Lehrerin darf mit Kopftuch unterrichten
Der Kopftuchstreit ist beendet, zumindest juristisch. Am Mittwochmorgen hat das Bundesverfassungsgericht entschieden, dass die muslimische Grundschullehrererin Fereshta Ludin ihr Kopftuch im Klassenzimmer einer staatlichen Schule nicht abnehmen muss - ein brisantes Urteil mit weitreichenden Folgen.
Im langjährigen "Kopftuchstreit" zwischen der Lehrerin Fereshta Ludin und dem Land Baden-Württemberg ist die Entscheidung gefallen.

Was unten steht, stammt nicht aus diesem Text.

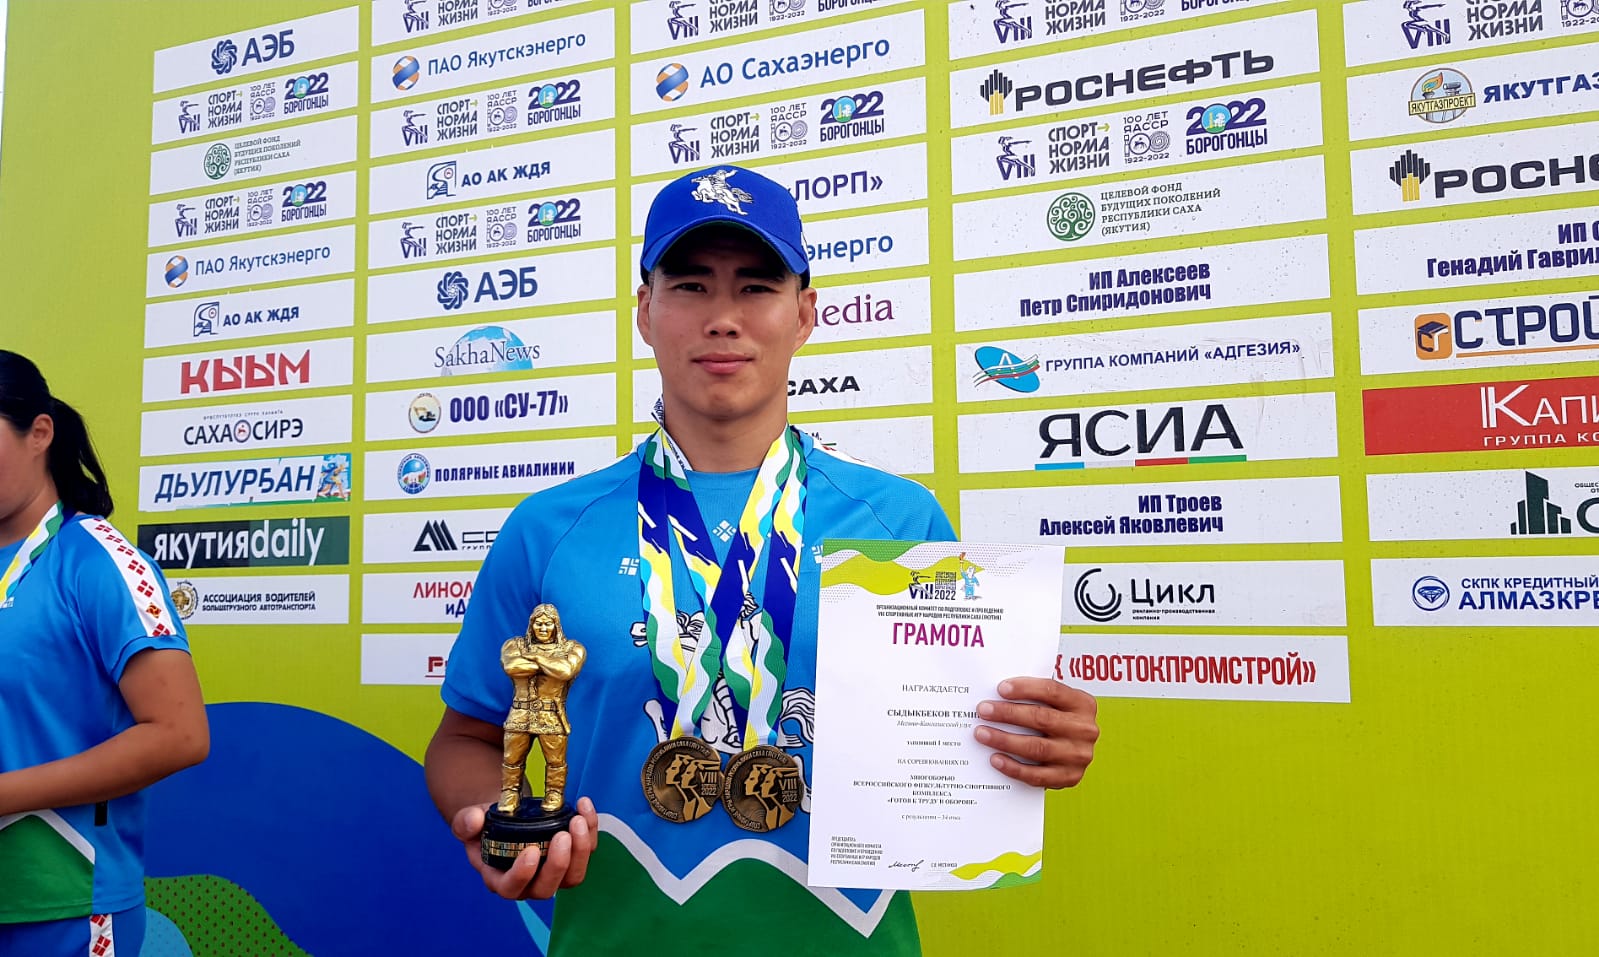 Чемпион многоборья ГТО: было волнительно состязаться с прославленными спортсменами Якутии

Das Zweite Senat des Bundesverfassungsgerichts urteilte am Mittwoch, dass Lehrer mit Kopftuch unterrichten dürfen, so die Karlsruher Richter in der Urteilsbegründung. Mit 5:3 Stimmen hoben sie damit die Urteile von drei Verwaltungsgerichten auf. Nicht Behörden und Gerichte sollten über die Kopftuchfrage entscheiden, sondern der Gesetzgeber. Drei Richter gaben ein Sondervotum ab.
Fereshta Ludin, 1972 in Afghanistan geboren, lebt seit 1987 in Deutschland und hat seit acht Jahren einen deutschen Pass. Sie absolvierte das Lehramtstudium und ihr Referendariat in Baden-Württemberg, weigerte sich aber, als gläubige Muslimin Unterricht ihr Kopftuch abzunehmen. Daraufhin lehnte das Land es im Juli 1998 ab, Ludin als Lehrerin in den staatlichen Schuldienst zu übernehmen. In drei Instanzen der Verwaltungsgerichte klagte die 31-Järhige - stets erfolglos, bis der Fall vor dem Bundesverfassungsgericht landete.
Noch am Mittwochmorgen unmittelbar vor der Urteilsverkündung hatte der Zentralrat der Muslime seiner Hoffung auf eine höchstrichterliche Zustimmung zum Kopftuchtragen Ausdruck gegeben. Ein Verbot käme "de facto" einem Berufsverbot gleich, sagte Nadeem Elyas, Vorsitzender des Zentralrats, im Deutschlandfunk. Für deutsche Musliminnen sei das Kopftuch Teil ihrer Persönlichkeit und nicht ein Zeichen, um missionieren oder provozieren zu wollen. Die Debatte müsse endlich ein Ende finden, sagte Elyas: "Ein klares Wort wird uns alle erleichtern."
Unterdessen sagte die SPD-Politikerin Lale Akgün, das Tragen eines Kopftuches sei für Musliminennen zwar eine "Verhaltensregel", aber "keine religiöse Pflicht". Die Bundestagsabgeordnete forderte im ARD-Morgenmagazin, die Schule müsse sich ihre Neutralität bewahren. Da alle Eltern ihre Kinder in die Schulen schicken müssten, könnten sie auch erwarten, dass "die Unterrichtenden religiös und politisch neutral" seien. Akgün fügte hinzu, Brauchtum und Religion dürften nicht verwechselt werden. Ein Adventskranz auf dem Schultisch sei "Brauchtum". Wenn eine Lehrerin mit dem Kopftuch aber dezidiert ihre religiöse Haltung demonstriere, gehe davon "ein anderes Signal aus".
Nach jahrelangem erbitterten Rechtsstreit mussten die Karlsruher Richter zwischen dem staatlichen Neutralitätsgebot und dem Recht auf freie Religionsausübung entscheiden; hinzu kommt aber auch zum Beispiel aber auch das Recht auf freie Berufswahl. Nach Auffassung der Richter hat der Gesetzgeber grundsätzlich das Recht, auch das Tragen von Kopftüchern im Unterricht zu verbieten. Allerdings sei die Gesetzeslage in Baden-Württemberg nicht hinreichend präzise.